He spoke about the consultations the Council has had with the likes of Irish Water, the Heritage Council, An Taisce, Córas Iompair Éireann, Transport Infrastructure Ireland and the Louth County Childcare Committee.

There was talk of a village green and cycle ways and footpaths and shops and road safety measures to discourage speeding in the development which will have eight or nine different house types all of which will be fully accessible for people with disabilities.

You’d imagine that in a town which, like many others around the country, has a big housing shortage, Councillors would be delighted.

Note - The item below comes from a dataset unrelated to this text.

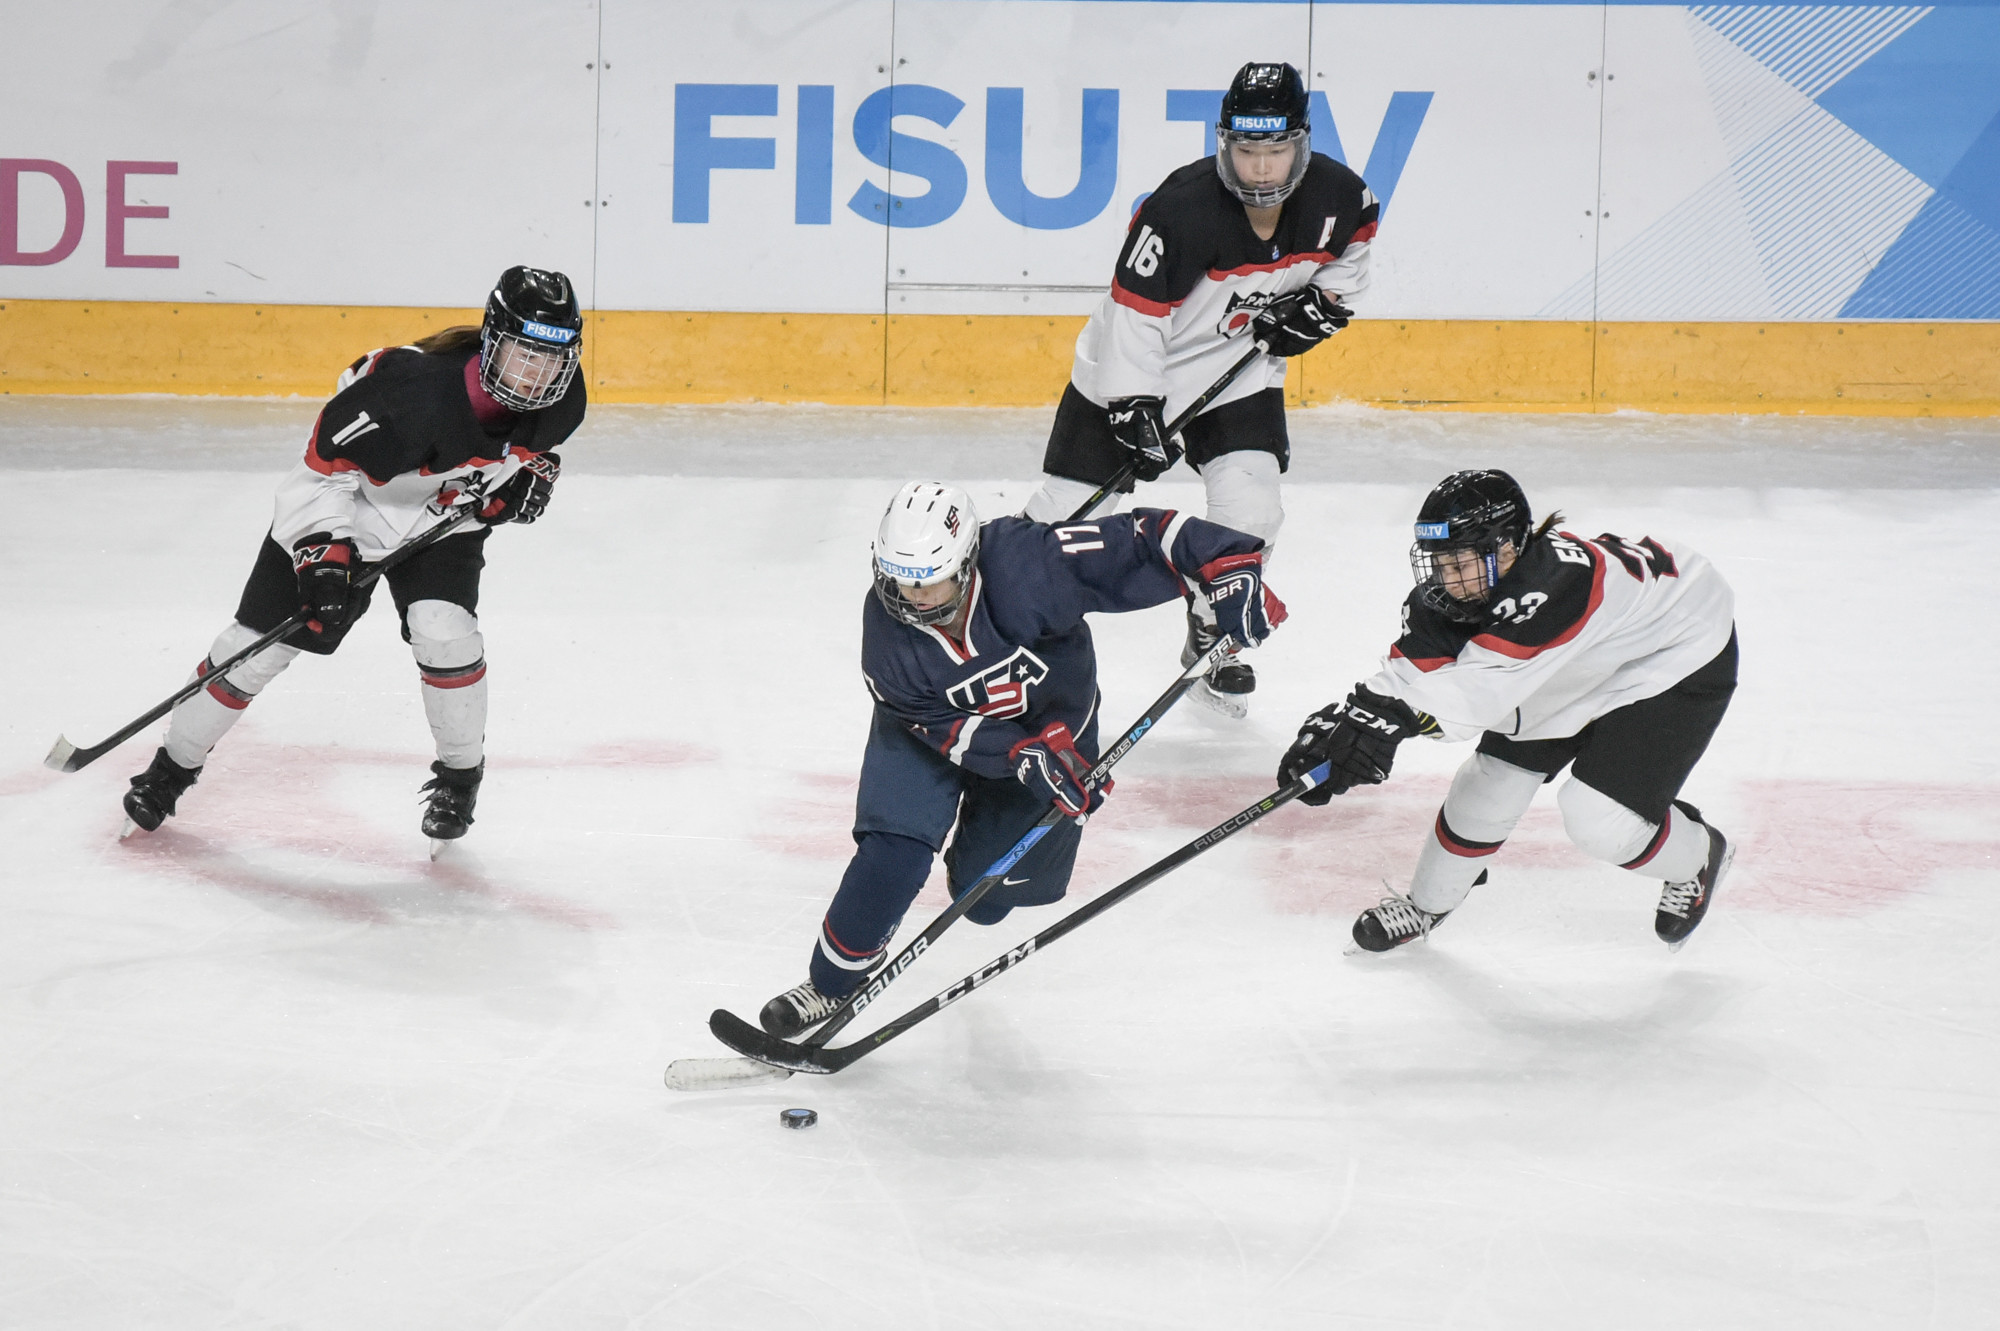 Japan played the United States to determine who would take the bronze medal in the women's ice hockey ©Krasnoyarsk 2019

You’d normally expect reactions such as “Fantastic, we’ll have some of that thank you very much” to emanate from them.

But things are seldom that simple and the Drogheda Councillors were almost unanimous in their views which can be summed up as:

“Yes, we welcome the new houses but where’s the infrastructure to deal with the extra traffic?”

Labour Councilllor Michelle Hall had issues with some details of the design such as the main spine road of the development running alongside the full length of the football pitch but for her also, but her main problem was the extra traffic created and the lack of new infrastructure to deal with it.

Sinn Fein’s Tom Cunningham agreed that the Northern Cross Port Access Route was essential for Drogheda. He said that Beaulieu View was only in its early stages but already it was creating traffic problems.

James Byrne of Fianna Fáil said this was a classic case of putting the cart before the horse. He said that significant investment is needed for traffic calming on Newfoundwell Road already.

“We all want more housing but priority should be given to installing the essential infrastructure first” he said.

Fine Gael’s Councillor Eileen Tully had a different take on the issue. “We shouldn’t be too quick to stop housing development” she said.

“People are desperately looking for housing. Let’s work on improving the infrastructure to allow housing developments to happen.”

She went on to suggest that a roundabout be installed at the Termon Abbey/Termonfeckin Road junction to slow the traffic down.